====== DATA EXCERPT ======

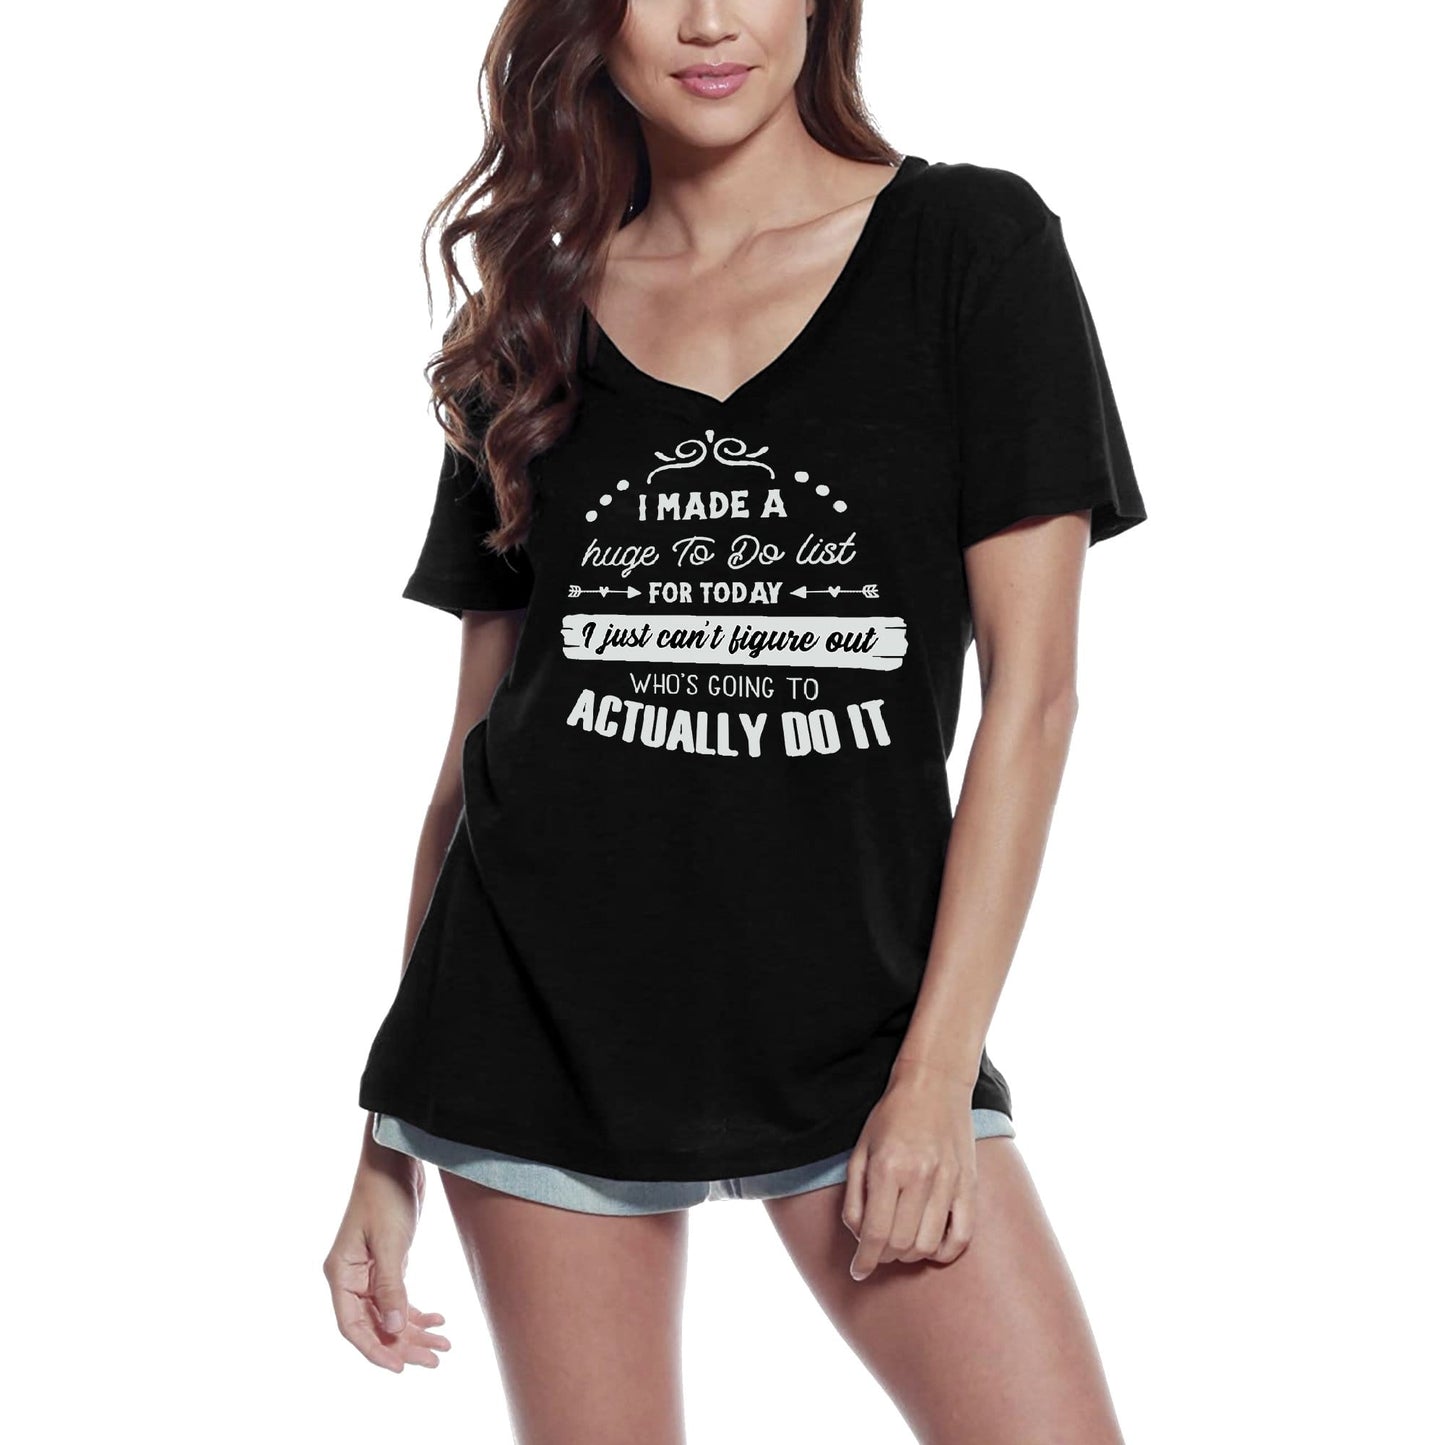 ULTRABASIC Women's T-Shirt I Made a Huge To Do List - Funny Short Sleeve Tee Shirt Tops
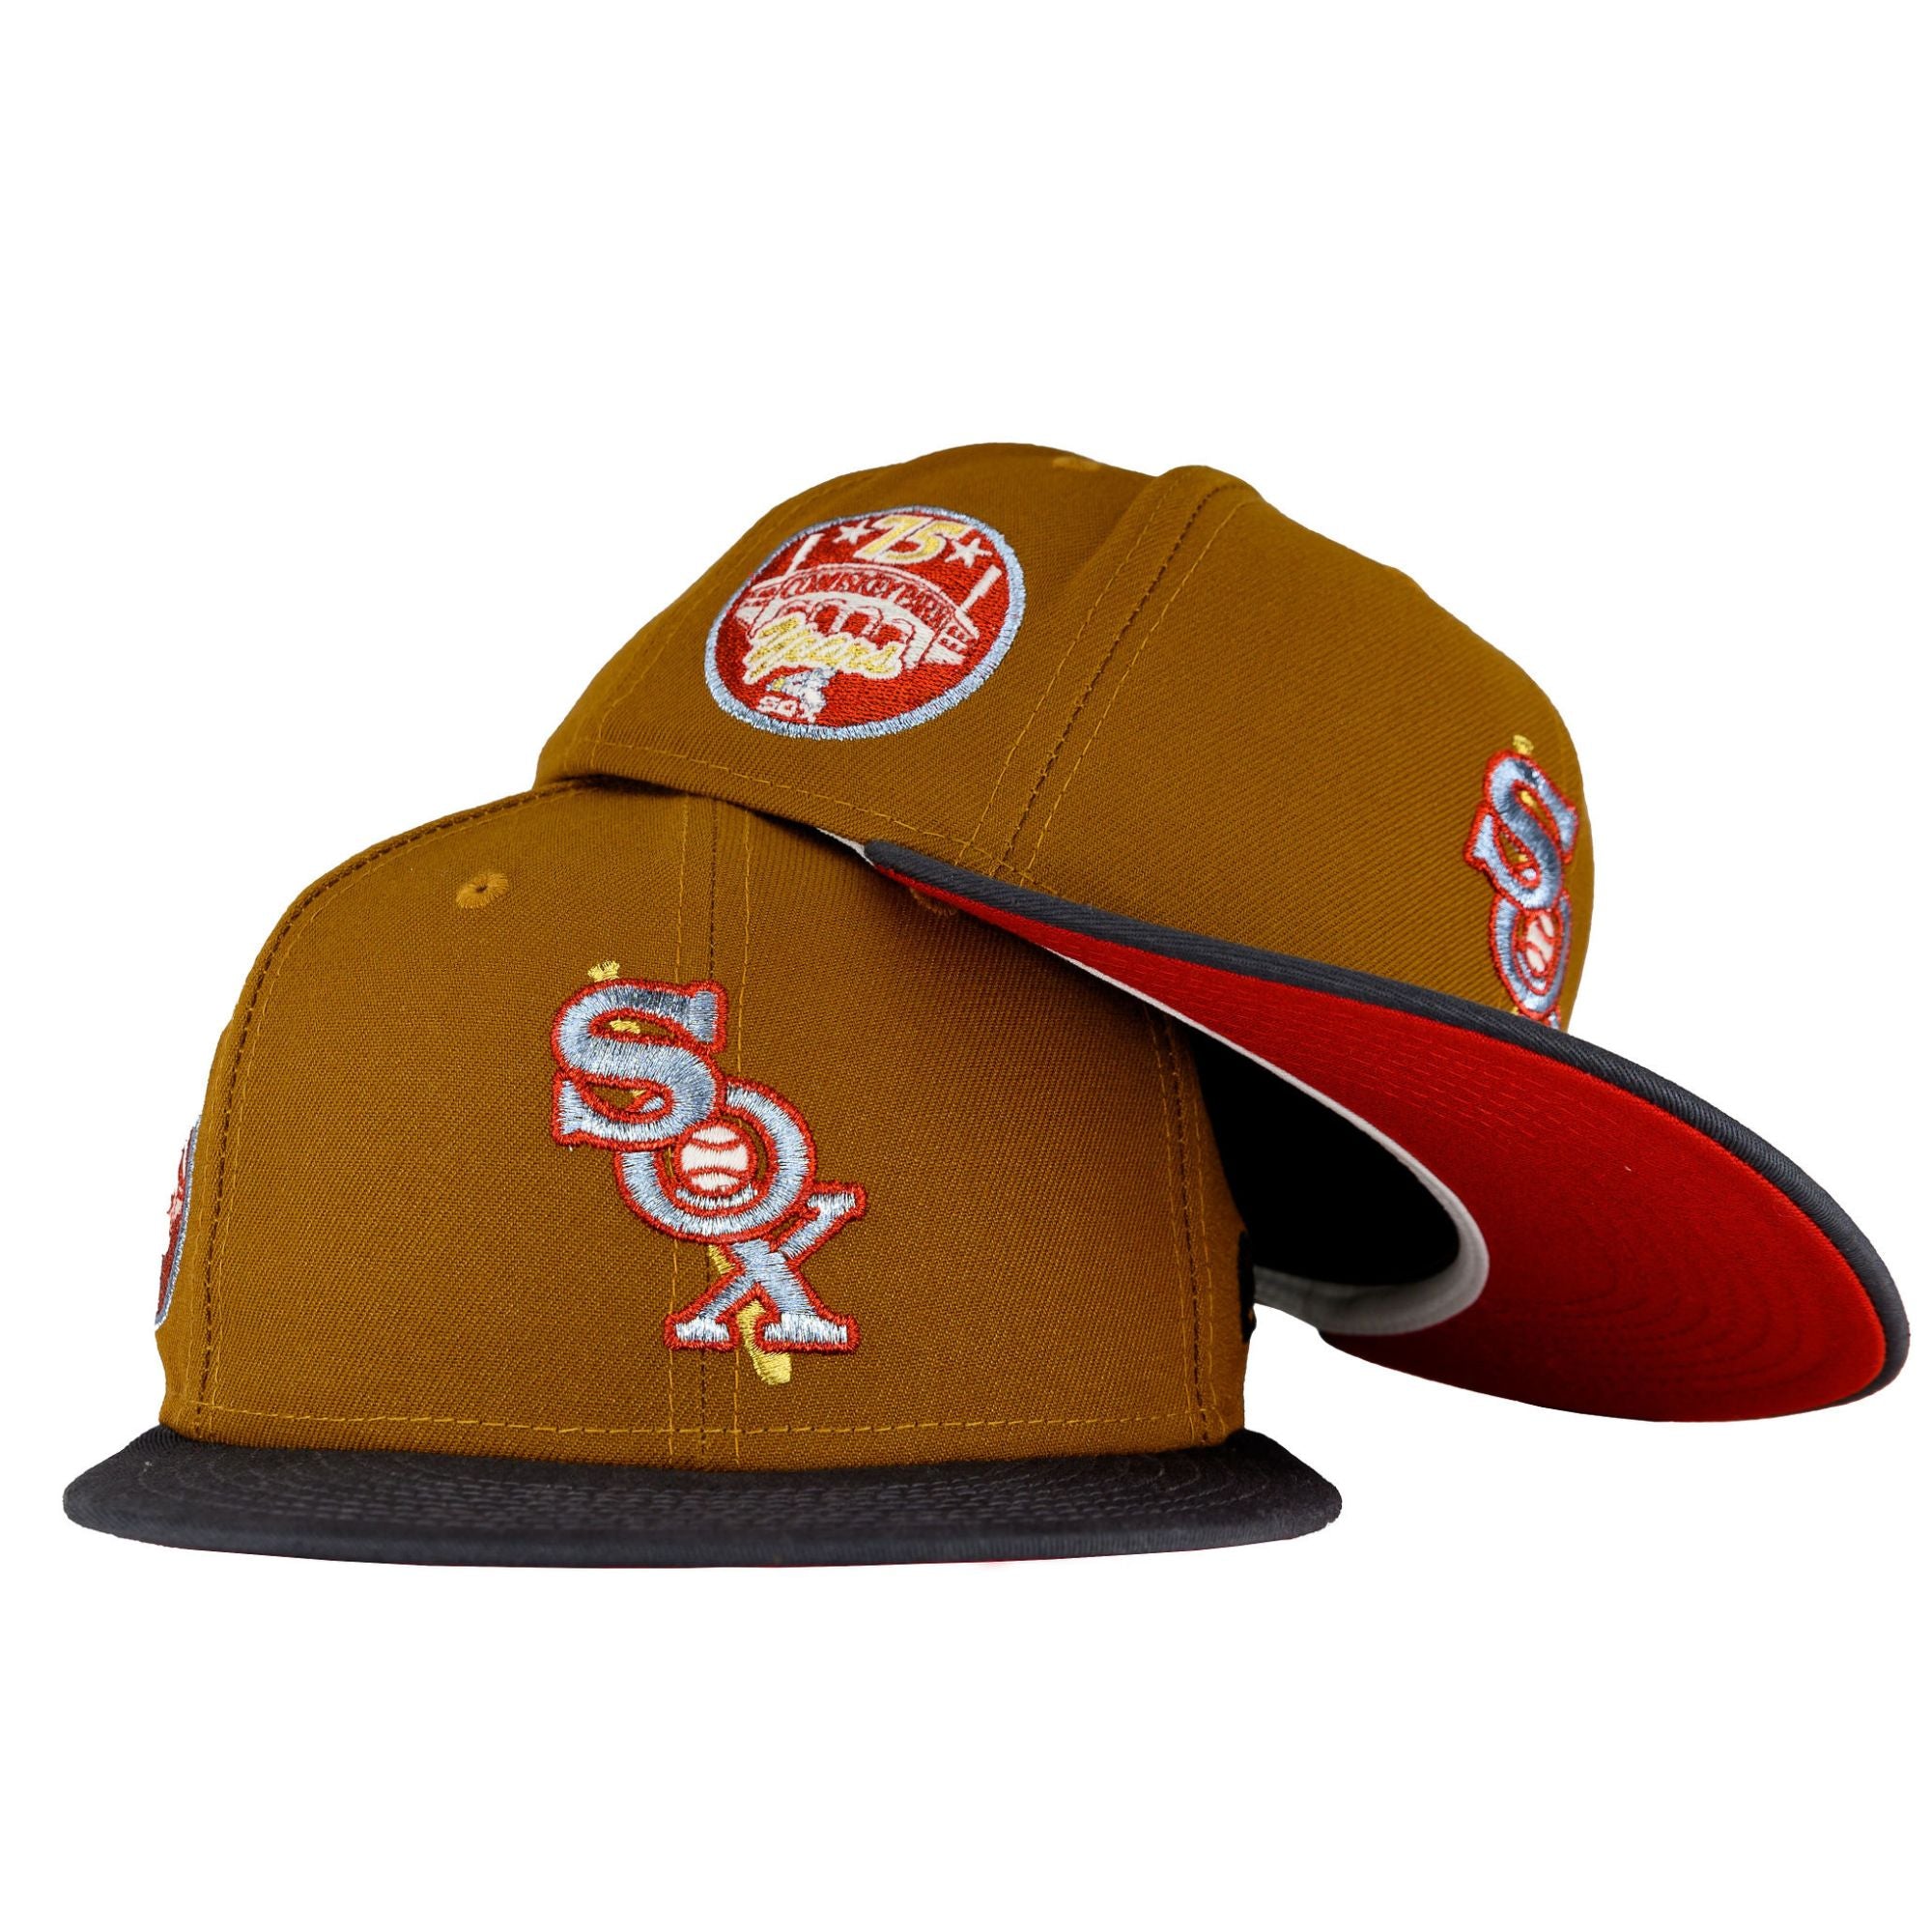 New Era Men's Brown Boston Red Sox Classic Cuffed Knit Hat
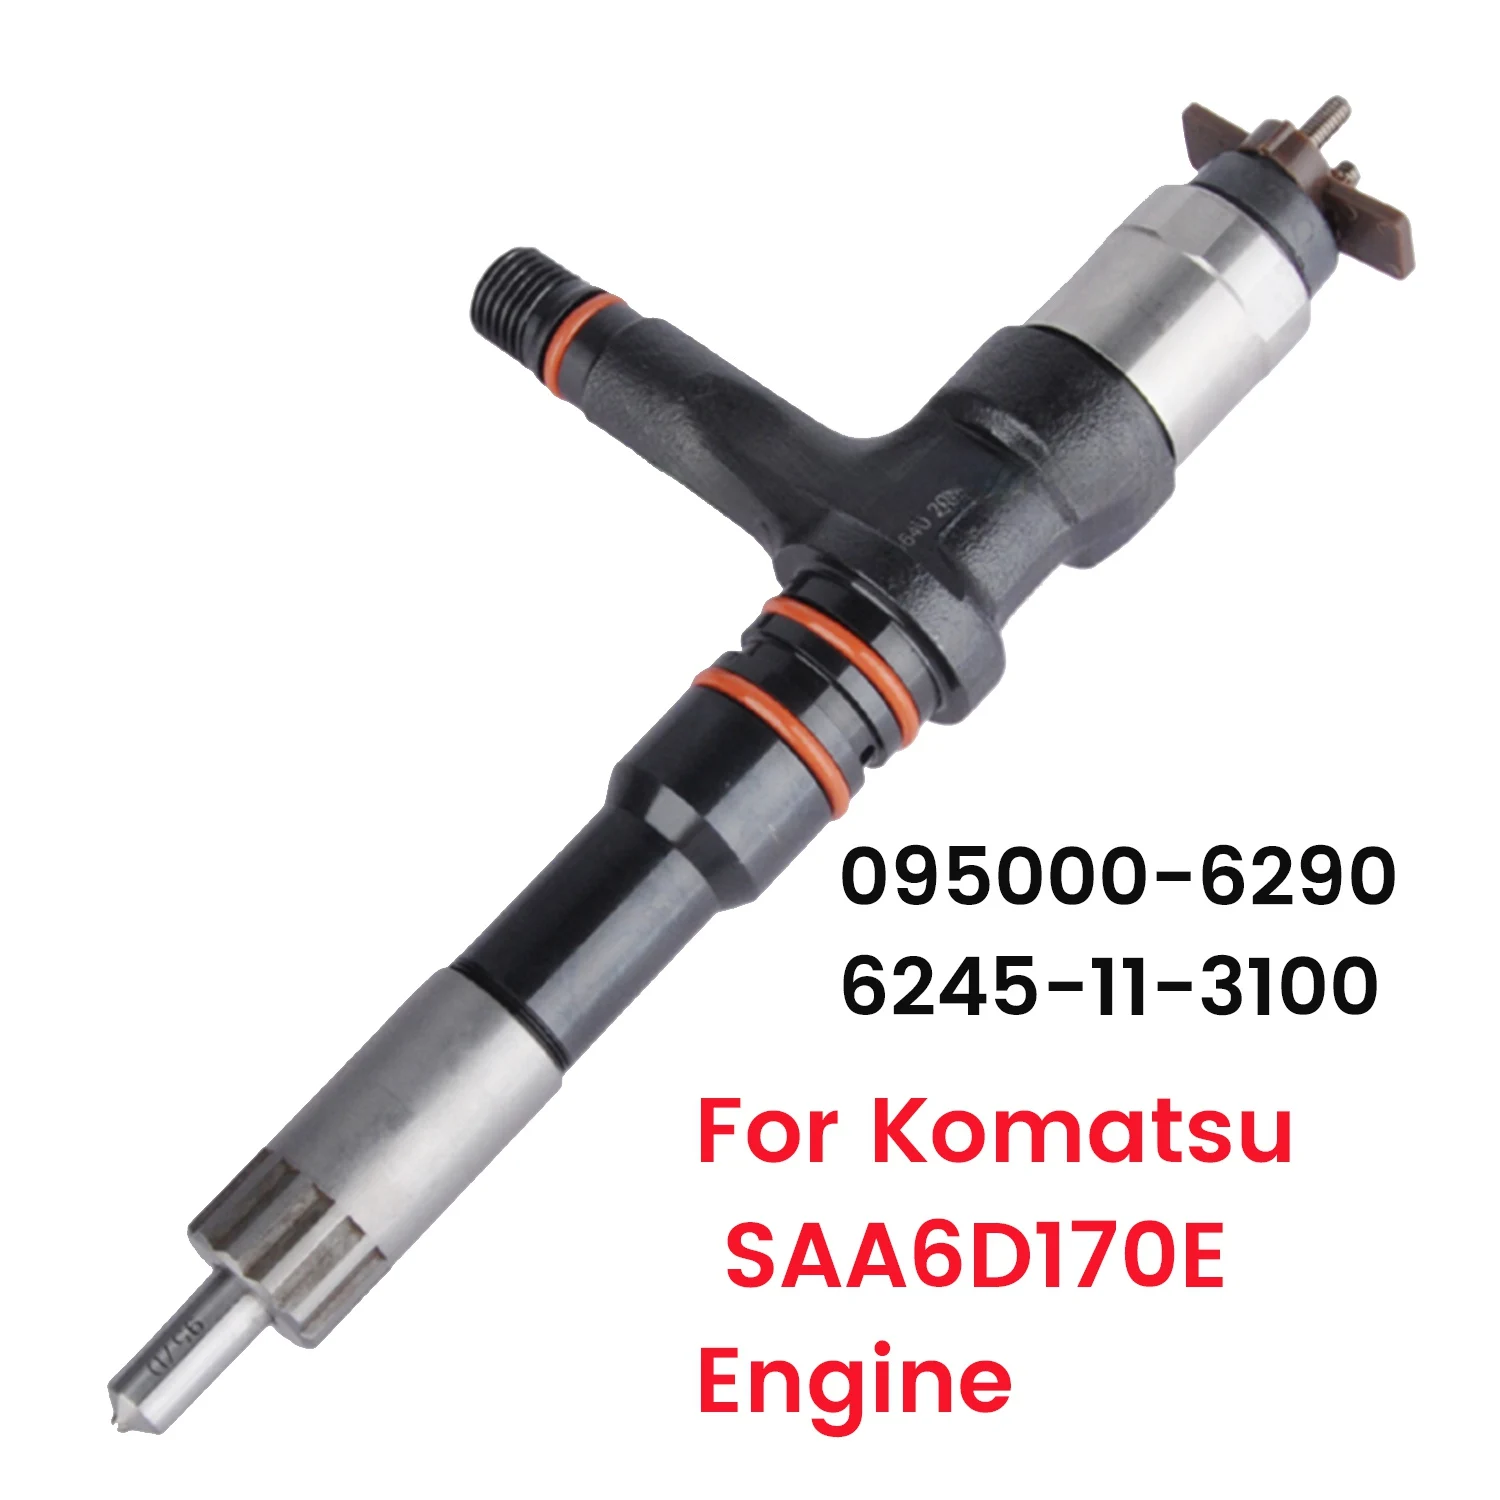 

New Diesel Common Rail Injector 095000-6290 / 6245-11-3100 for Komatsu SAA6D170E Engine
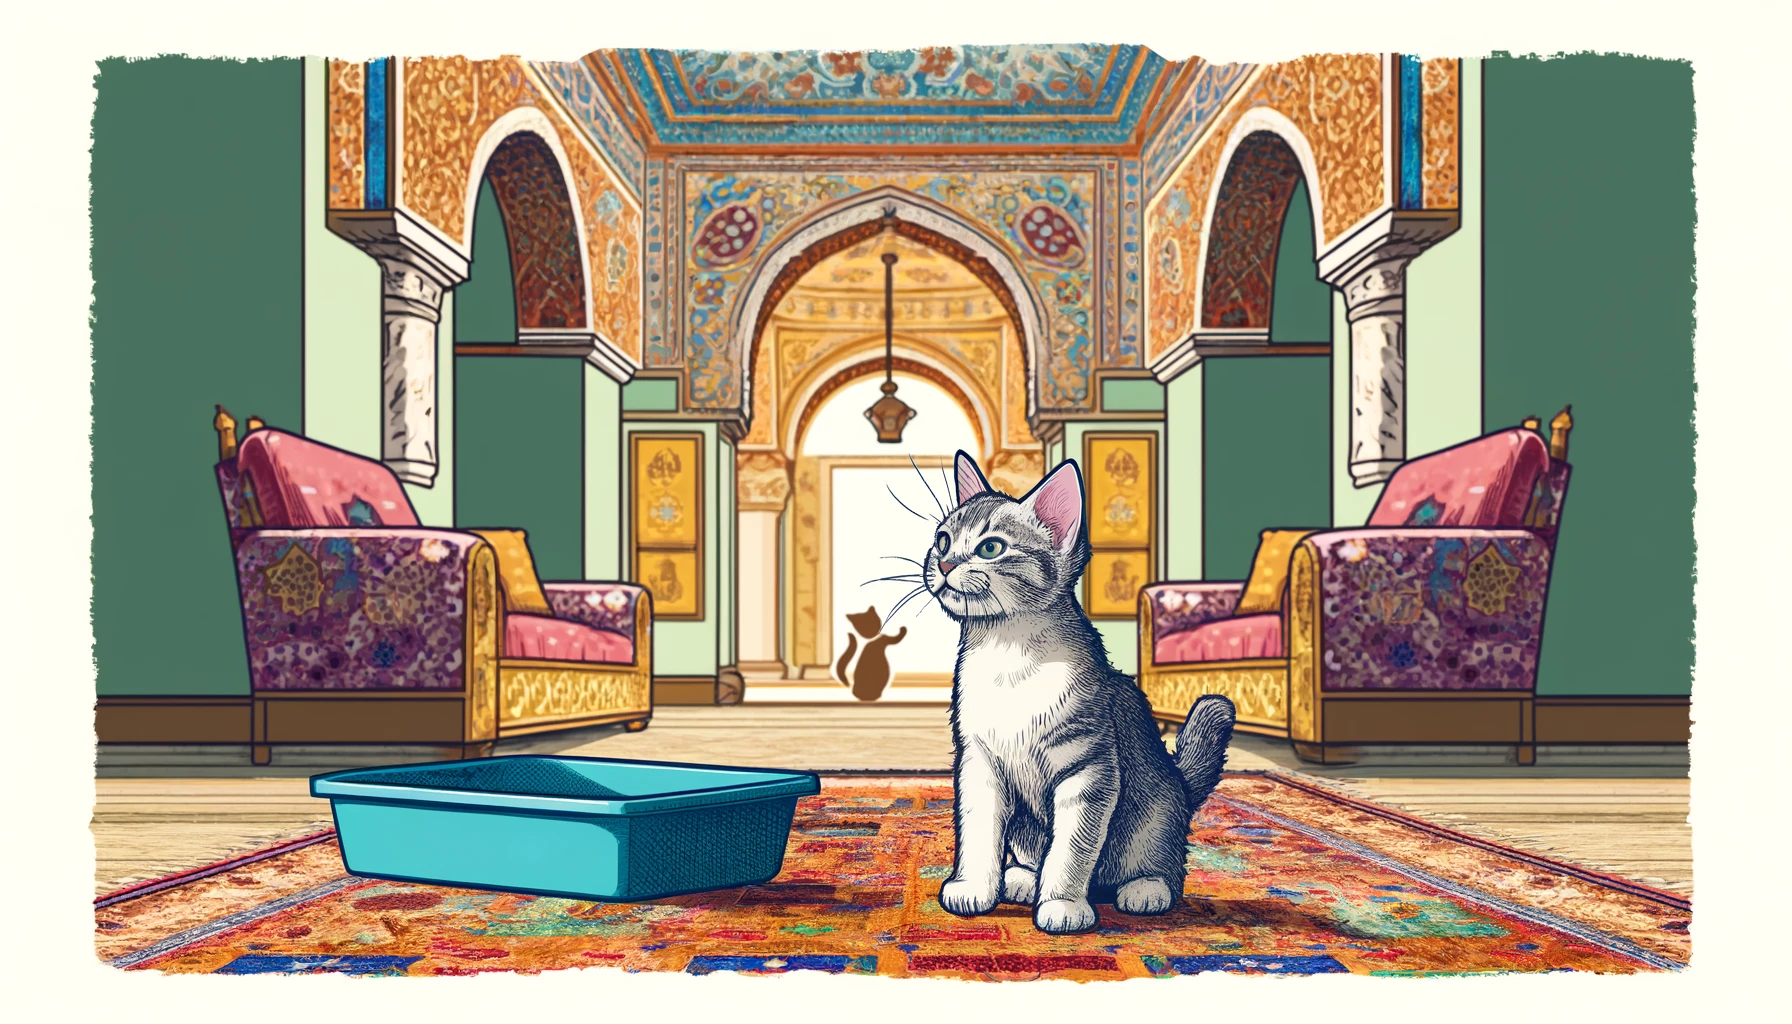 Cartoon depiction of a cat sensing how far away its litter box is in an Ottoman art styled room.

======

» WORK INSTRUCTIONS
All of the material above is to be copied exactly, except for its images.

» RESPONSE AREA
 ULTRABASIC Women's T-Shirt I Made a Huge To Do List - Funny Short Sleeve Tee Shirt Tops
 New Era Men's Brown Boston Red Sox Classic Cuffed Knit Hat

New Diesel Common Rail Injector 095000-6290 / 6245-11-3100 for Komatsu SAA6D170E Engine
 Cartoon depiction of a cat sensing how far away its litter box is in an Ottoman art styled room.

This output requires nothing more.